その後、官兵衛が豊前を領したとき、短期間で多くの者たちの改宗に成功したという。その中には、自身の子息、長政や筑後の毛利秀包(ひでかね)も含まれている。これだけでなく、多くの武将に改宗を持ちかけ成功した(『日本史』)。それゆえ官兵衛は、イエズス会から大いに頼りにされたのである。これは、禁教を推進する秀吉の悩みのタネでもあり、方針に反する行為だった。

 秀吉が大活躍した官兵衛に対して、わずか豊前・中津しか与えなかった理由は、これまで俗説がまかり通っていた。「官兵衛を恐れた秀吉は、九州の僻地(へきち)に押し込め、石高も最小限に抑えた」というのはその代表的な見解だろう。官兵衛を過大評価した、典型的な解釈である。実際は官兵衛がキリシタンであり、熱心に信仰を周囲に勧めることが気に入らなかったのだ。

 秀吉は官兵衛に対し、豊前国を与える件について、次のように罵倒した(『日本史』)。

 「汝(官兵衛)はそれ(豊前国を支配すること)に価せぬ。(豊前を)統治する能力もない。汝(官兵衛)はキリシタンになっただけでは満足せず、諸国の君侯(大名)や他の貴人たちに対して、キリシタンの教えを聞いて洗礼を受け、当初抱いていた神々(仏教、神道)への信仰を捨てるように盛んに説教し、説得し続けてきたのであるから、汝(官兵衛)に国(豊前)を与えるわけにはいかぬ」と(秀吉は)言い、さらに彼(官兵衛)に対して幾多の罵詈雑言(ばりぞうごん)を浴びせかけた。

 秀吉は官兵衛に豊前を治める器量がないと、面前で言い切っているのだから、もはや両者の関係は決裂状態だろう。官兵衛がキリスト教の信仰を周囲に勧めるのも気に入らなかったらしい。おまけに、詳しくは書かれていないが、秀吉は続けて官兵衛に幾多の罵詈雑言を浴びせかけたという。それでも秀吉が官兵衛を起用し続けたのは、彼の能力が高かったからと推測される。

 次の記述を見る限り、秀吉は官兵衛を高く評価しており、実は3カ国を与えようとしていたことがわかる(『日本史』)。

 その後、(秀吉は)彼(官兵衛)に3カ国を授けるような期待を抱かせておきながら、豊前国しか与えず、しかもなおその(豊前国の)の一部を接収して(毛利)壱岐守に授け、汝(官兵衛)がキリシタンゆえにこれを没収したのだ、と(秀吉は)言った。

 このように、秀吉は官兵衛を高く評価しており、最初は内々に3カ国を与えると約束をしていた。それは、キリスト教の棄教との交換条件だったのだろうか、結局は3カ国どころか、豊前・中津だけになったのは、先述の通りである。ただし、3カ国というのは、具体的にどの国なのかは不明である。
伝黒田如水肖像(滋賀県長浜市の樹徳寺所蔵)
伝黒田如水肖像(滋賀県長浜市の樹徳寺所蔵)
 ところが、この話はまだ終わっていない。官兵衛は相変わらずイエズス会の肩を持ち、秀吉に種々交渉を行った。官兵衛がイエズス会の側に立って発言した際、秀吉は次のように激高したという(『日本史』)。

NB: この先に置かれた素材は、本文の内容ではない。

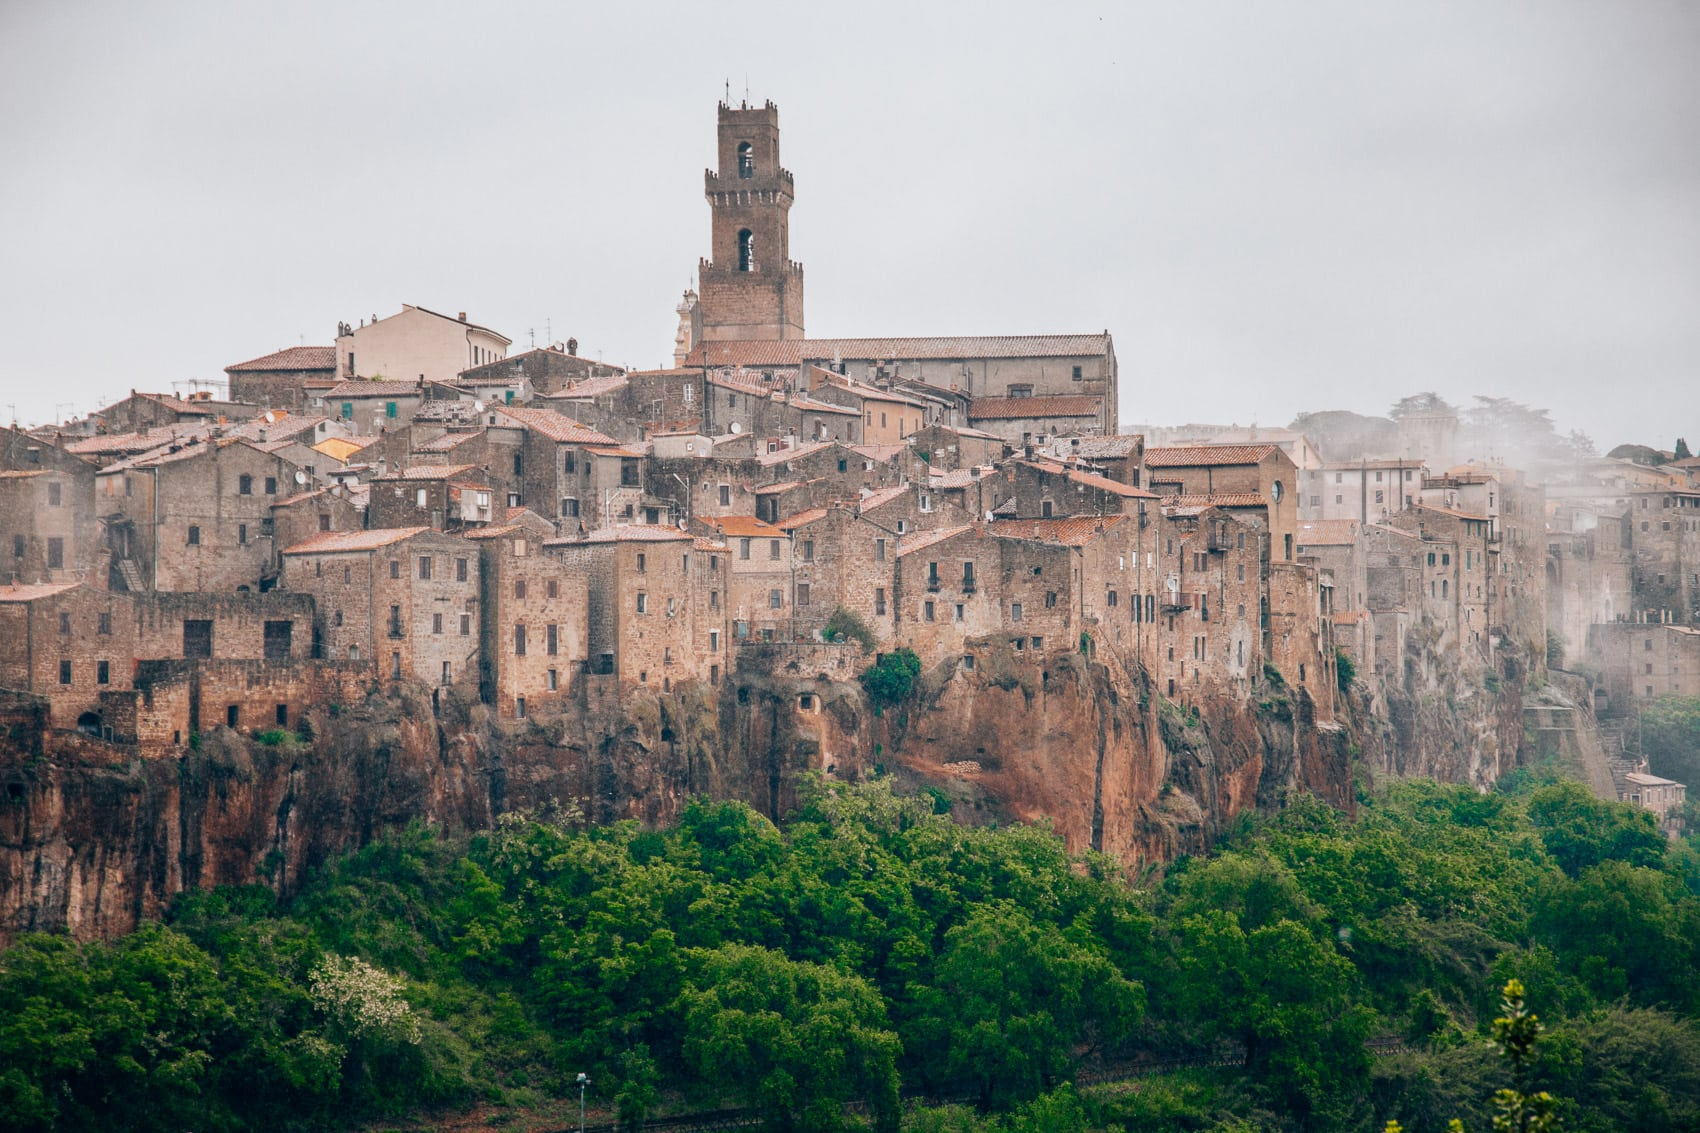 Entdecke die südliche Toskana - Italien Reisetipps Maremma, Saturnia und Pitigliano
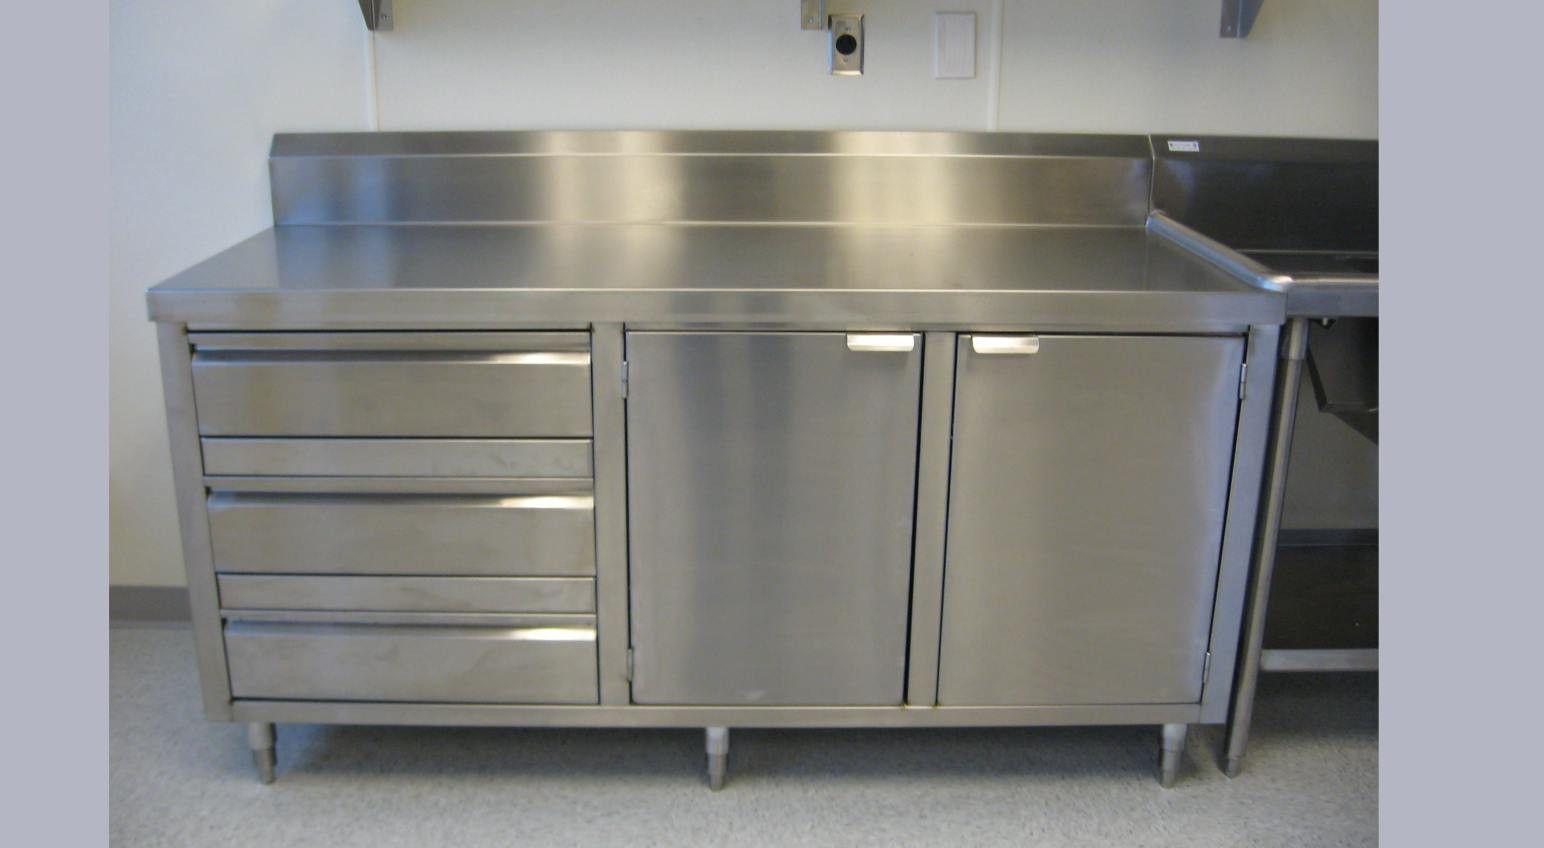 99 Metal Sink Base Cabinet Kitchen Floor Vinyl Ideas Check More At Http Www Steel Kitchen Cabinets Metal Kitchen Cabinets Stainless Steel Kitchen Cabinets

 「汝(官兵衛)はまだバテレンどものことを話すのか。汝(官兵衛)がバテレンに愛情を抱いており、また汝(官兵衛)がキリシタンであるために、汝(官兵衛)に与えるつもりでいたもの(領地)の(うち)、多くを取り上げたことを心得ぬか」と(秀吉は)答えた。

 秀吉は官兵衛がキリスト教の信仰を止めず、それどころかイエズス会に寄り添った態度を取るのが気に入らなかった。官兵衛が本来与えられる領地を取り上げられたのは、彼がキリシタンだからだ、と秀吉は明快に答えている。『日本史』の別の記述によると、官兵衛が多くの人々をキリスト教に改宗させたので、秀吉は官兵衛に数カ月間会わなかったと記す。2人の関係は、険悪だった。